The following diagram illustrates the relationship of Kumologica Flow App, the flows and subflows:

# Predefined Variables

As we have seen in the previous section, a msg can hold information that can be exchanged between nodes. In addition to msg there are other two variables that can be used to store information at the level of the flow.

These two variables are:

  • vars
  • env

Kumologica is not prescriptive of when to use one over the other, but it is considered a good practice to hold information about the environment in env, and use vars for temporary and non business related information.

For AWS Lambda execution environments, env variable will hold all the environment variables passed to the lambda function during deployment.

WARNING

Unlike msg variable. Both variables: env and vars will keep their state across multiple invocations. Thus, be extra careful when you mutate these variables.

# Variable Visibility

In Kumologica, variables play a crucial role in managing data within your flows.

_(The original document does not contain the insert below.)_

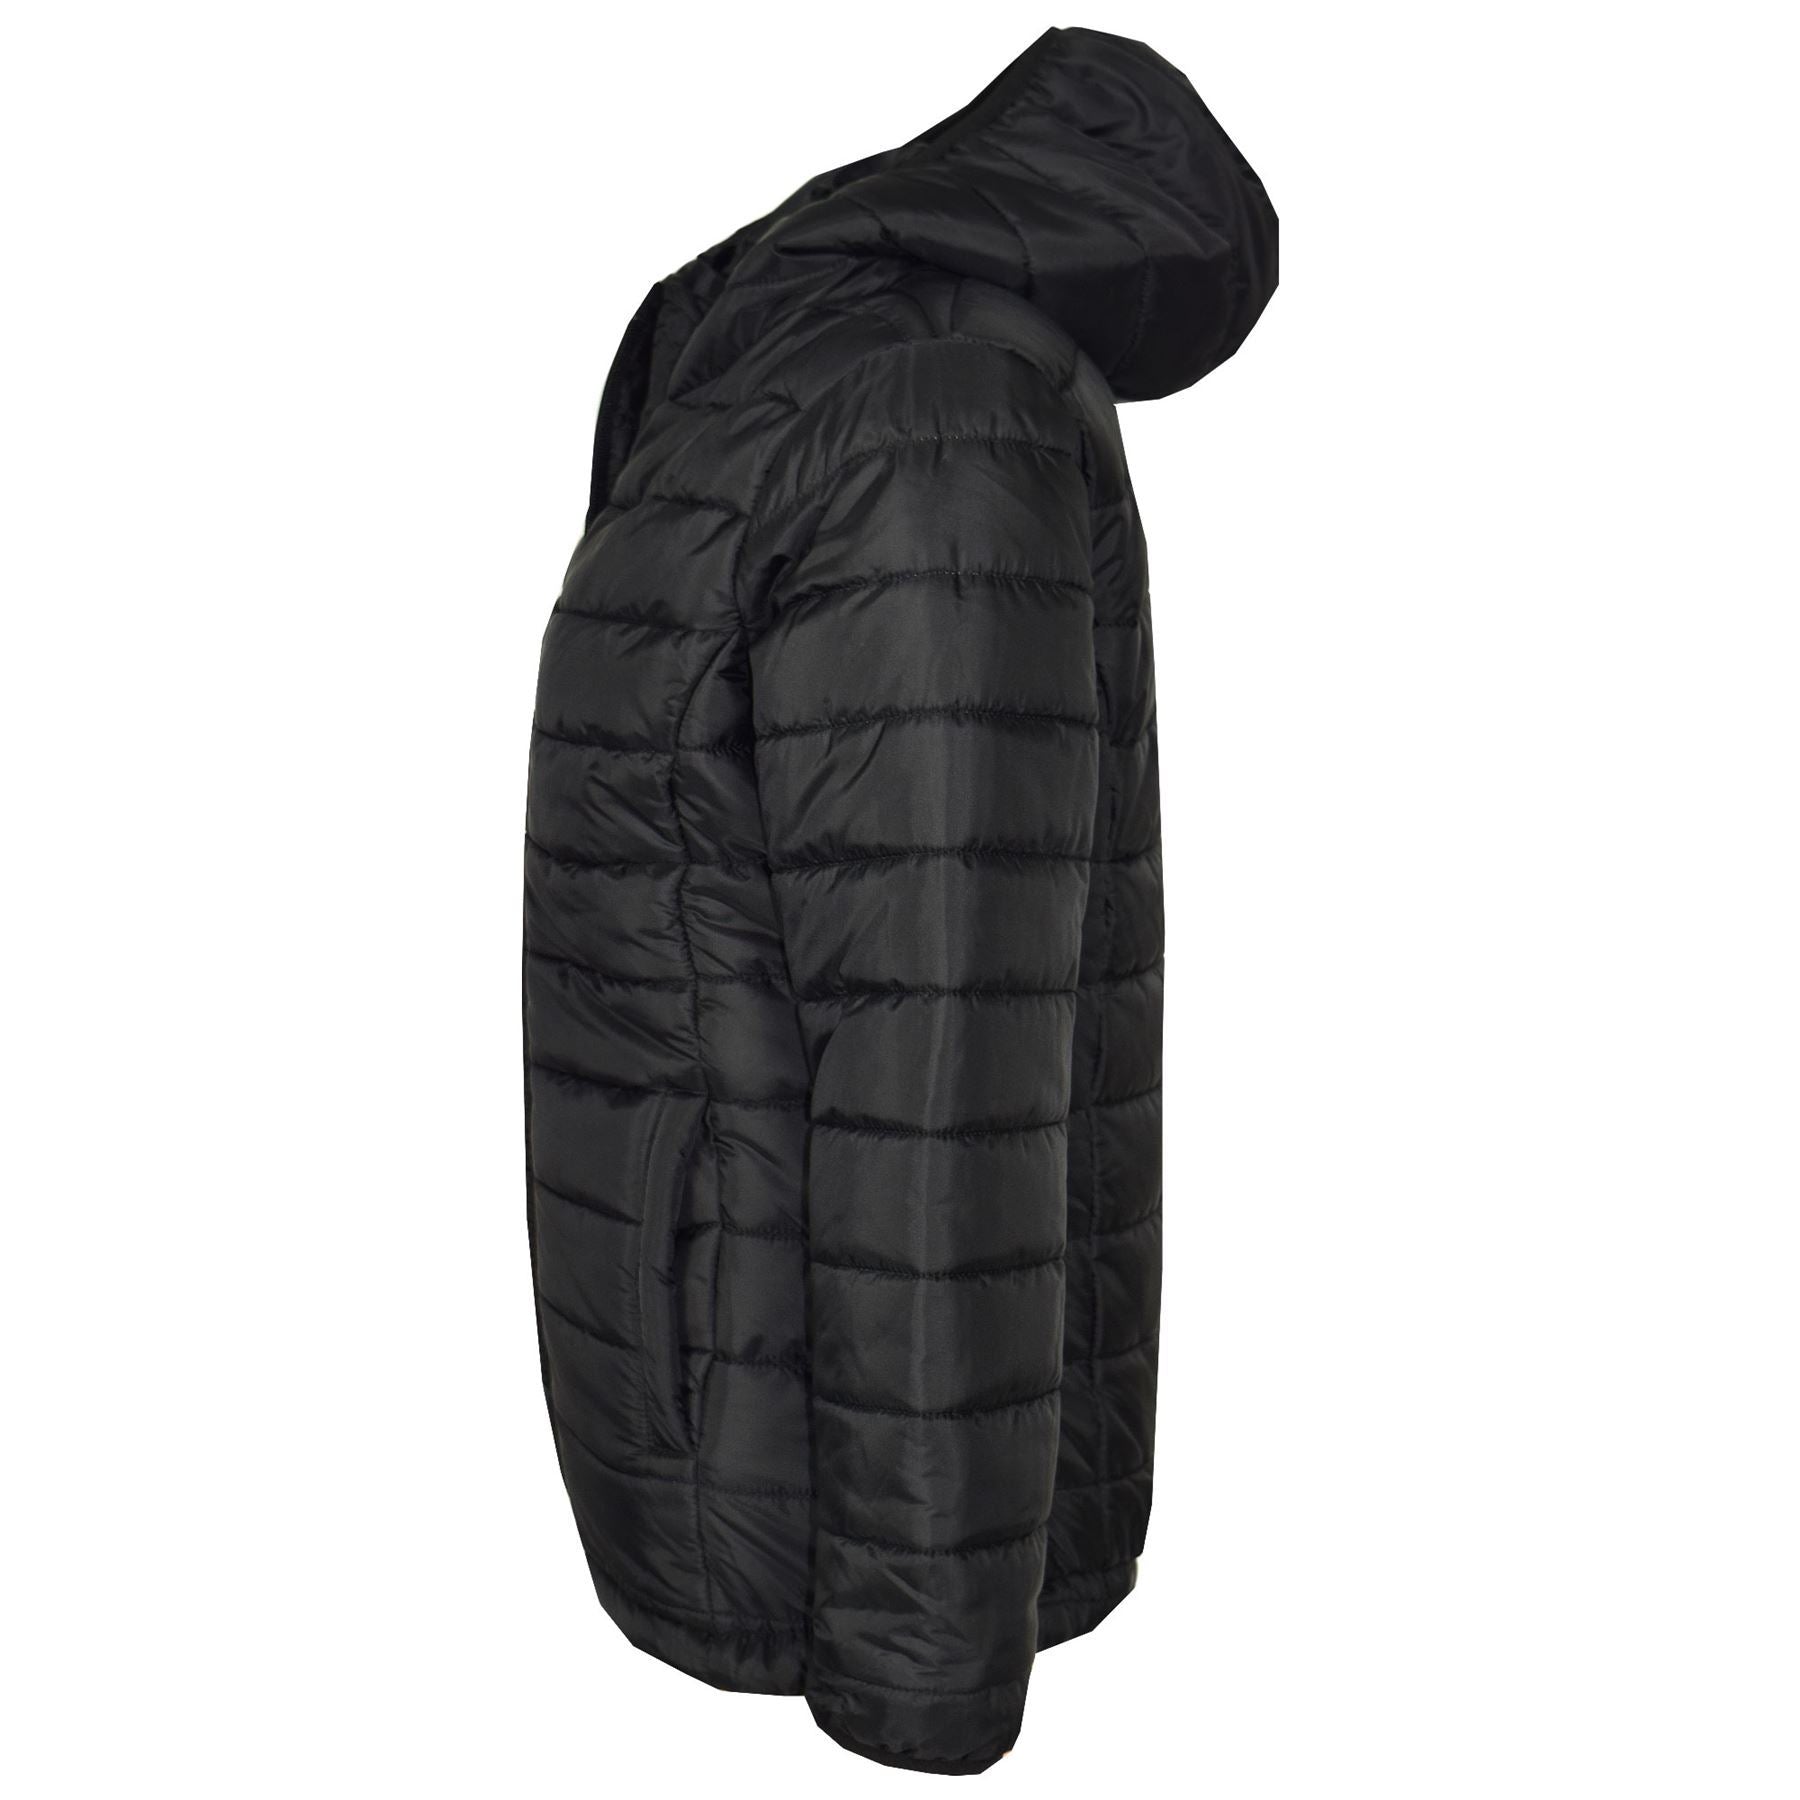 Kids Jackets Thick Black Boys Hooded Padded Puffer

There are three types of variables: vars, msg, and env, each with distinct visibility and lifecycle characteristics.

# Global Scope: msg and env

Both msg and env are global variables accessible throughout the entire flow. However, msg is ephemeral and gets reset with each response from the flowApp, providing a clean slate for each request. In contrast, env persists across multiple requests.

Always use msg when passing parameters to a subflow.

# Local Scope: vars

vars are local variables visible only within the specific flow or subflow in which they are defined. While vars offer persistence across multiple requests within the same flow, using them for this purpose is discoraged as in serverless platforms, such AWS Lambda, the vars will be forced to reset when the function gets terminated.

DANGER

Do not use vars to pass parameters to a subflow; it will not work. Use msg instead.

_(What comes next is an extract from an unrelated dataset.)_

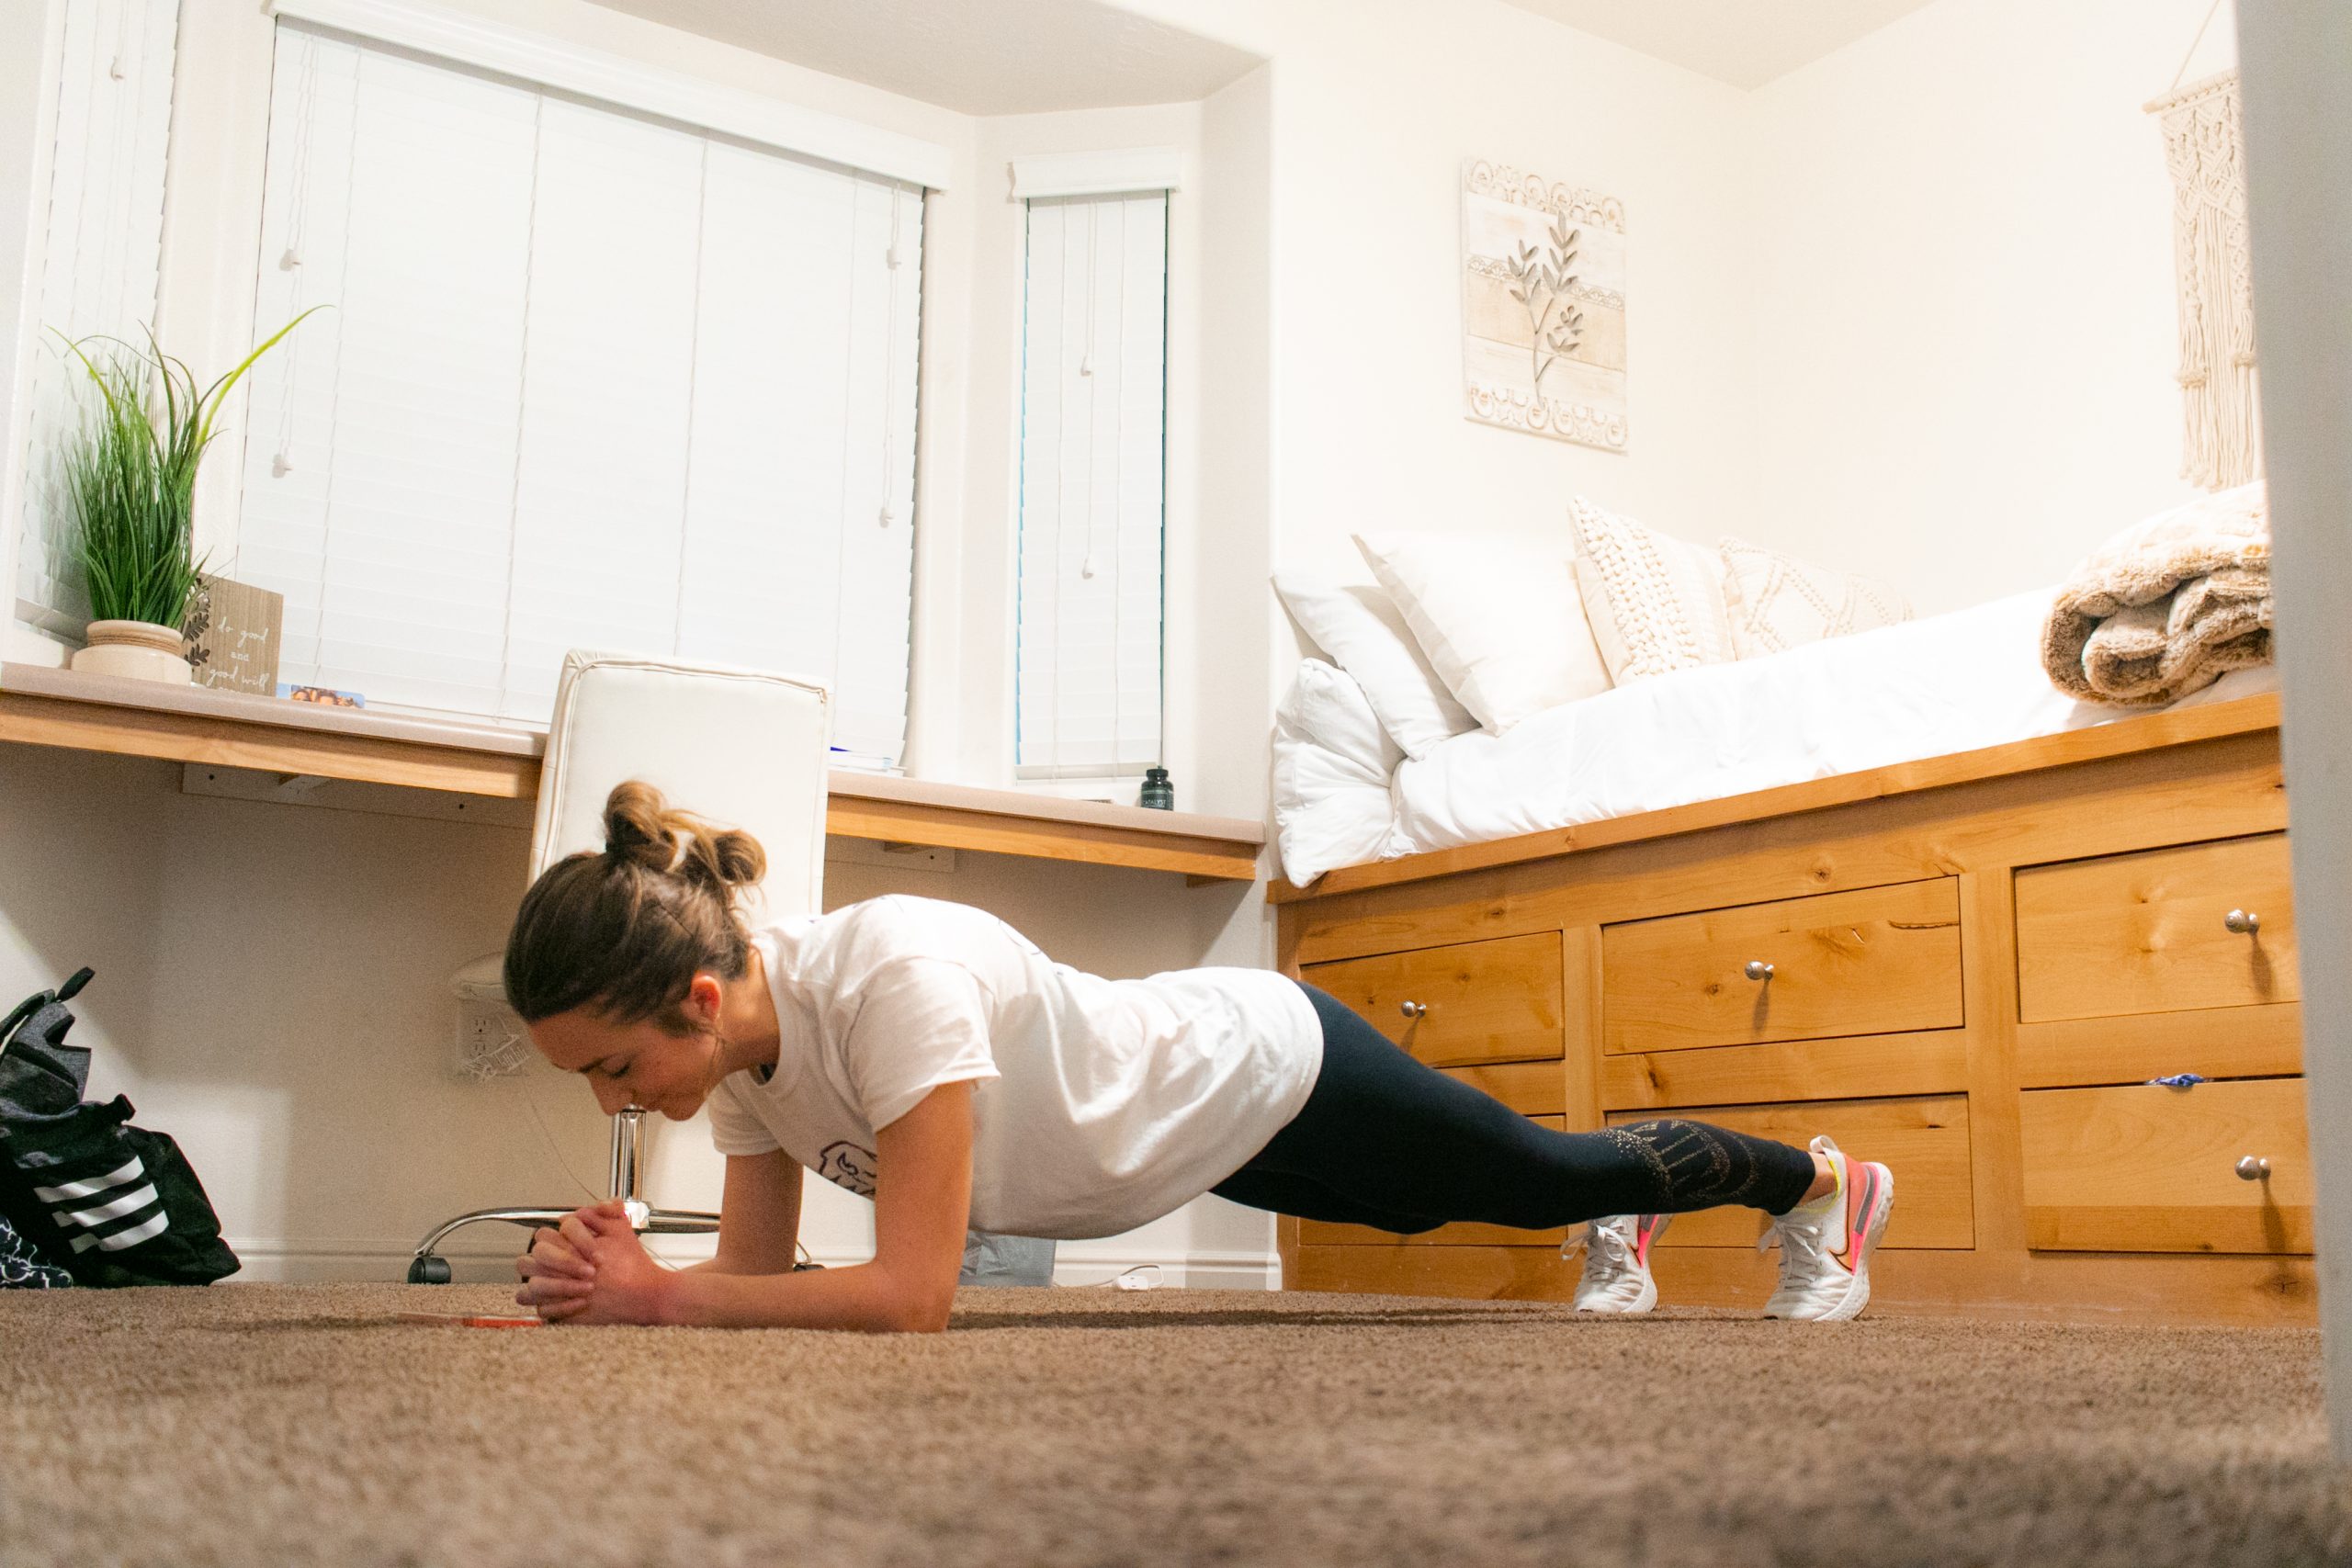 ‘The possibilities are limitless:’ 5 tips to successful home workout

Understanding the visibility and lifecycle of these variables is crucial for effective data management within Kumologica flows."

# Dynamic Expression

Nodes are defined as a set of properties. Sometimes these properties are defined not as a static value (string or number) but as a dynamic expression. What it means is that the value will be computed dynamically at runtime.

This is very useful when the value of a property is dependant of another property that is only known during the execution of the flow.

For example, the name of a database name is suffixed with the name of the stage where this flow is executed: "my-database-dev", "my-database-test", "my-database-uat", "my-database-prod".

The developer can recognized fields accepting dynamic expressions in Kumologica Designer, as they will be highlighted in purple as the image below:

The format of the dynamic expression follows the one defined in JSONata string expressions (opens new window). Keep in mind that the variables: msg, var and env are available during the composition of those expressions.

String literals must be enclosed with either double quotes " or single quotes '.

In the event of a parsing error of the dynamic expression, the field will return the same value entered as an input.

Examples:

  • "my-database-" & env.stage: Suffix the name of the database with the stage is running in.
  • "Message payload: " & msg.payload & " received": Inject the payload in the middle of a string. Useful for logging purposes.